By the latter half of the Eighties, success in the art world and all that came with it, had meant that the artist swapped acquaintances for narcotics.
Taylor remained by Basquiat's side through it all. He openly discusses a vacation in Jamaica, in which Taylor sold his camera on the first night so that they could score drugs. It was the last time Taylor saw Basquiat as he truly was, unburdened by the trappings of success back in Manhattan. "The last time I saw Jean, he looked so old. Sixty. Not the 17-year old kid I knew. It was the drugs."
Two decades on from Basquiat's death, Taylor has begun to look through his vast archive of personal photography. The majority was taken during the early stages of a burgeoning underground scene in the late Seventies. The images capture the moments before New York rode the crest of a cultural wave, where hip-hop from the Bronx merged with Debbie Harry's proto-rap single, "Rapture" and David Byrne and friends formed their own band and collaborated with Brian Eno. The art world mirrored this musical success, turning its focus on the vibrant downtown scene, fostering the talents of rising stars such as Basquiat and Keith Haring.
If Studio 54 and Warhol's Factory are today recognised as the hub of Manhattan's cultural elite at the turn of a decade, it was the downtown artist squat parties and crack-of-dawn collaborations at the seminal music venue, CBGB, which shaped the alternative scene.

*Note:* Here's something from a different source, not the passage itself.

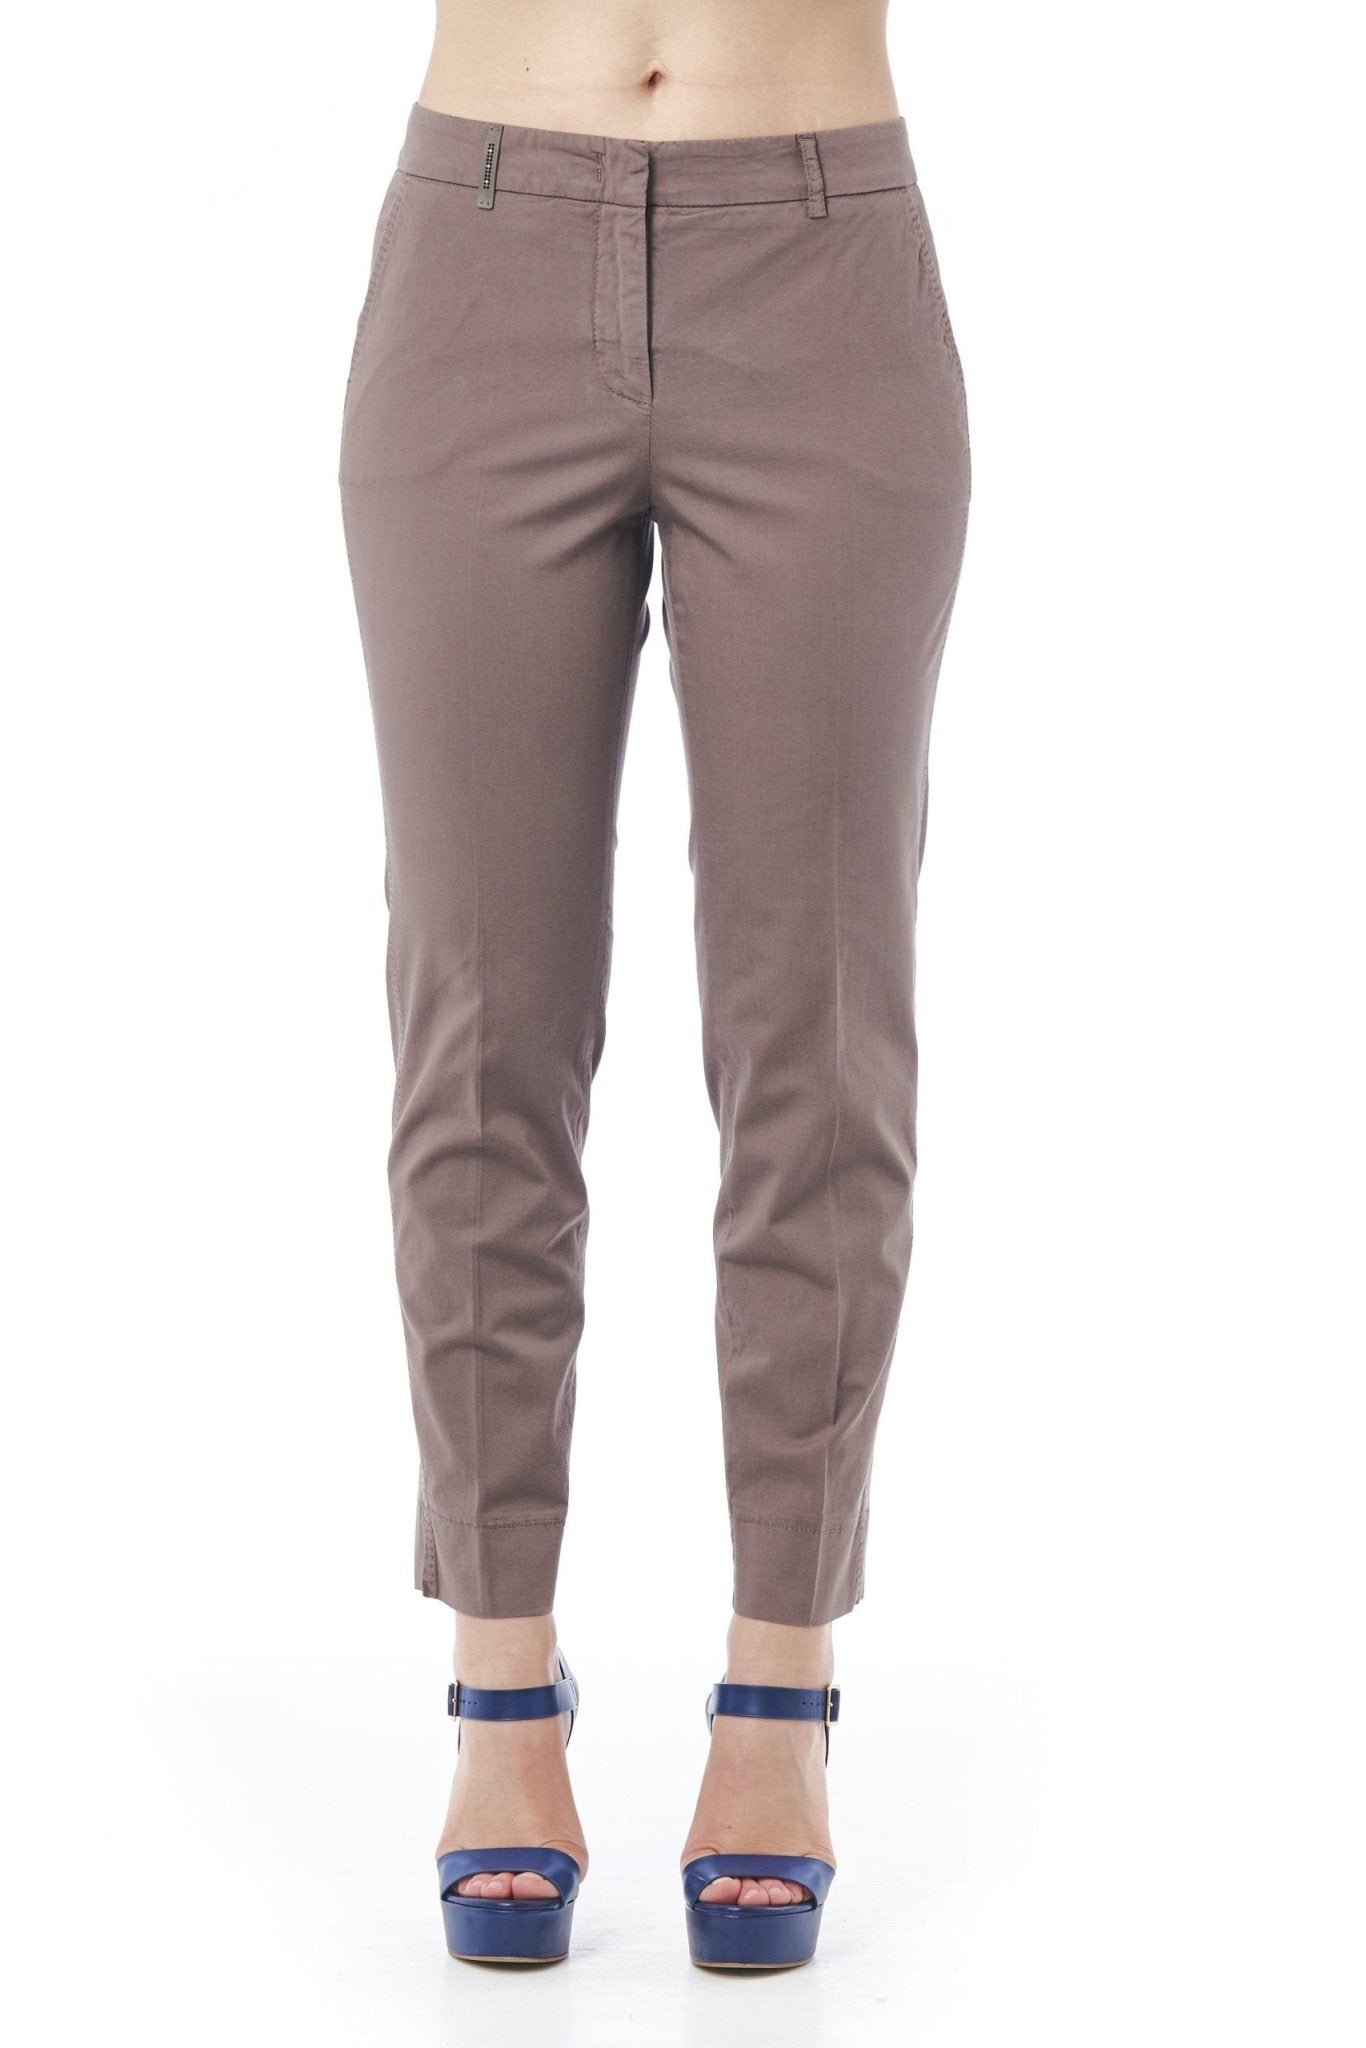 Peserico Brown Cotton Jeans & Pant - Fizigo
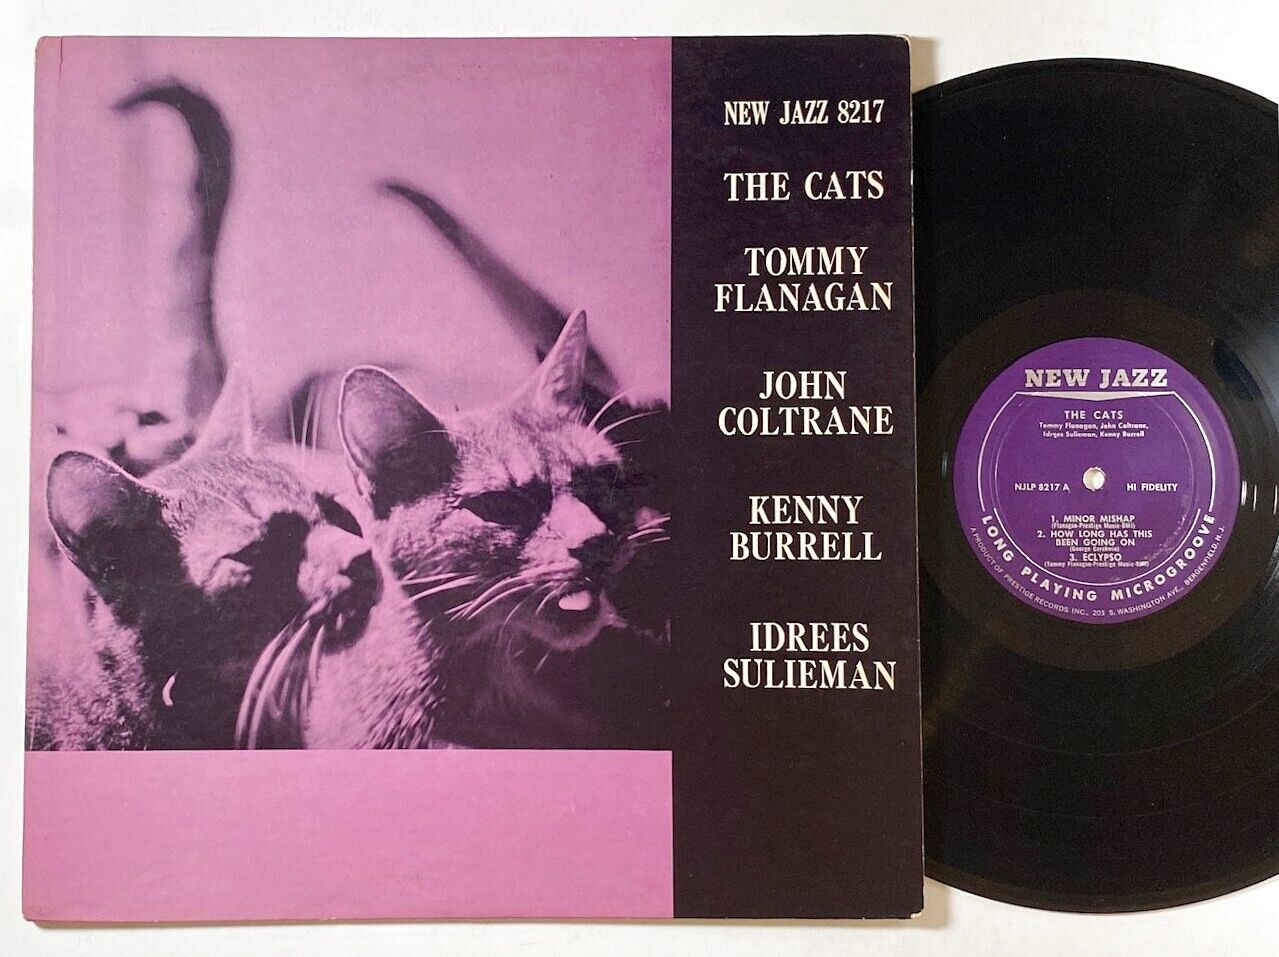 Tommy Flanagan Ft  John Coltrane  The Cats  Jazz LP New Jazz NJLP 8217 Mono DG

For the last two years, Taylor has worked closely with the Japanese creative studio, the Inoue Brothers, blowing up selected snapshots to giant poster proportions, as in a New York subway, and preparing a limited-edition book and clothing featuring the photographs. "New York was so hardcore when I moved there in '77," recalls Taylor. "There were no funds and any thread of an underground scene was held together between the drugs and drink. Usually on the second floor of the Mudd Club. Jean was there every night. Even when it was raining and no one was around."